Task to carry out:
Could you set down every record exactly as it appears?

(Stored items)
--- START ---

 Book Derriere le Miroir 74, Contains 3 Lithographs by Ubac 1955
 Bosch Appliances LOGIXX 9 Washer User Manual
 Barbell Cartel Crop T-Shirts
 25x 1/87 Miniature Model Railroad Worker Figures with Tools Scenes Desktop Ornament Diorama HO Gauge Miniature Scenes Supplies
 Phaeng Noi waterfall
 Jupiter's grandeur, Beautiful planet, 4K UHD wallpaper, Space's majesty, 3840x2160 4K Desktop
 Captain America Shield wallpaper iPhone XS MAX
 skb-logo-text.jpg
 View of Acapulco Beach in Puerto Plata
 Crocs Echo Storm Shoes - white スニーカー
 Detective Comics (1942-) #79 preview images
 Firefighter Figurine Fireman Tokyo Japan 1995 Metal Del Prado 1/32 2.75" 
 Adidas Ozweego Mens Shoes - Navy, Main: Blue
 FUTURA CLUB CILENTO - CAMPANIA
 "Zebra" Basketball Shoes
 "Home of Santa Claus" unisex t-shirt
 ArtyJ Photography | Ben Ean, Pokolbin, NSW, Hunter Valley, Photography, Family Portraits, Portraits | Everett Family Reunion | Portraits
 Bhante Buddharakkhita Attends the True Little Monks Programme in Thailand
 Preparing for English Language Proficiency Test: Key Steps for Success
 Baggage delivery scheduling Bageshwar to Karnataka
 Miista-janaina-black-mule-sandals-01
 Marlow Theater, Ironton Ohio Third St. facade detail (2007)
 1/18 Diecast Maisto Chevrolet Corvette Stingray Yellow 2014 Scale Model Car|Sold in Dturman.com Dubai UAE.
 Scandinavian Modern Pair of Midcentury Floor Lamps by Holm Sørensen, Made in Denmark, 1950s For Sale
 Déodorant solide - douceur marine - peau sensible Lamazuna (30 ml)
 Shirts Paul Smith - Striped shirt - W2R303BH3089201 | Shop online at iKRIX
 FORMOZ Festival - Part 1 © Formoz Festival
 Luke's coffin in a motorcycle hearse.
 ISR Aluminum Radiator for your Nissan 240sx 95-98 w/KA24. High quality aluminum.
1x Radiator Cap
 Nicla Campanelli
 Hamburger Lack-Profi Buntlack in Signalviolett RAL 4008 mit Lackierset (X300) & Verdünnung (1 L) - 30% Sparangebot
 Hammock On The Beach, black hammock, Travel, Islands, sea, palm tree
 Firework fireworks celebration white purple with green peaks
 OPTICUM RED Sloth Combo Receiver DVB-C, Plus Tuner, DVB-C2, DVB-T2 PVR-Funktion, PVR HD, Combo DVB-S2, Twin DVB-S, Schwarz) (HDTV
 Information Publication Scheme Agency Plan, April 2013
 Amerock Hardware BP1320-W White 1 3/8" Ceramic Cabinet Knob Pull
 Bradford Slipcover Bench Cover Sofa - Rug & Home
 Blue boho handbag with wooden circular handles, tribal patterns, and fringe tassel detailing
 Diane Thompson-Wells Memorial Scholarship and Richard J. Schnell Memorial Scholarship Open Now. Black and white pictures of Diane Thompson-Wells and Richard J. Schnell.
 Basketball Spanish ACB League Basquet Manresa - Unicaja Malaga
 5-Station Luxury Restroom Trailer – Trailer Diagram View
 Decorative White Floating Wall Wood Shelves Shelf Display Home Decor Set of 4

--- END ---

Exercise solution:
 Book Derriere le Miroir 74, Contains 3 Lithographs by Ubac 1955
 Bosch Appliances LOGIXX 9 Washer User Manual
 Barbell Cartel Crop T-Shirts
 25x 1/87 Miniature Model Railroad Worker Figures with Tools Scenes Desktop Ornament Diorama HO Gauge Miniature Scenes Supplies
 Phaeng Noi waterfall
 Jupiter's grandeur, Beautiful planet, 4K UHD wallpaper, Space's majesty, 3840x2160 4K Desktop
 Captain America Shield wallpaper iPhone XS MAX
 skb-logo-text.jpg
 View of Acapulco Beach in Puerto Plata
 Crocs Echo Storm Shoes - white スニーカー
 Detective Comics (1942-) #79 preview images
 Firefighter Figurine Fireman Tokyo Japan 1995 Metal Del Prado 1/32 2.75" 
 Adidas Ozweego Mens Shoes - Navy, Main: Blue
 FUTURA CLUB CILENTO - CAMPANIA
 "Zebra" Basketball Shoes
 "Home of Santa Claus" unisex t-shirt
 ArtyJ Photography | Ben Ean, Pokolbin, NSW, Hunter Valley, Photography, Family Portraits, Portraits | Everett Family Reunion | Portraits
 Bhante Buddharakkhita Attends the True Little Monks Programme in Thailand
 Preparing for English Language Proficiency Test: Key Steps for Success
 Baggage delivery scheduling Bageshwar to Karnataka
 Miista-janaina-black-mule-sandals-01
 Marlow Theater, Ironton Ohio Third St. facade detail (2007)
 1/18 Diecast Maisto Chevrolet Corvette Stingray Yellow 2014 Scale Model Car|Sold in Dturman.com Dubai UAE.
 Scandinavian Modern Pair of Midcentury Floor Lamps by Holm Sørensen, Made in Denmark, 1950s For Sale
 Déodorant solide - douceur marine - peau sensible Lamazuna (30 ml)
 Shirts Paul Smith - Striped shirt - W2R303BH3089201 | Shop online at iKRIX
 FORMOZ Festival - Part 1 © Formoz Festival
 Luke's coffin in a motorcycle hearse.
 ISR Aluminum Radiator for your Nissan 240sx 95-98 w/KA24. High quality aluminum.
1x Radiator Cap
 Nicla Campanelli
 Hamburger Lack-Profi Buntlack in Signalviolett RAL 4008 mit Lackierset (X300) & Verdünnung (1 L) - 30% Sparangebot
 Hammock On The Beach, black hammock, Travel, Islands, sea, palm tree
 Firework fireworks celebration white purple with green peaks
 OPTICUM RED Sloth Combo Receiver DVB-C, Plus Tuner, DVB-C2, DVB-T2 PVR-Funktion, PVR HD, Combo DVB-S2, Twin DVB-S, Schwarz) (HDTV
 Information Publication Scheme Agency Plan, April 2013
 Amerock Hardware BP1320-W White 1 3/8" Ceramic Cabinet Knob Pull
 Bradford Slipcover Bench Cover Sofa - Rug & Home
 Blue boho handbag with wooden circular handles, tribal patterns, and fringe tassel detailing
 Diane Thompson-Wells Memorial Scholarship and Richard J. Schnell Memorial Scholarship Open Now. Black and white pictures of Diane Thompson-Wells and Richard J. Schnell.
 Basketball Spanish ACB League Basquet Manresa - Unicaja Malaga
 5-Station Luxury Restroom Trailer – Trailer Diagram View
 Decorative White Floating Wall Wood Shelves Shelf Display Home Decor Set of 4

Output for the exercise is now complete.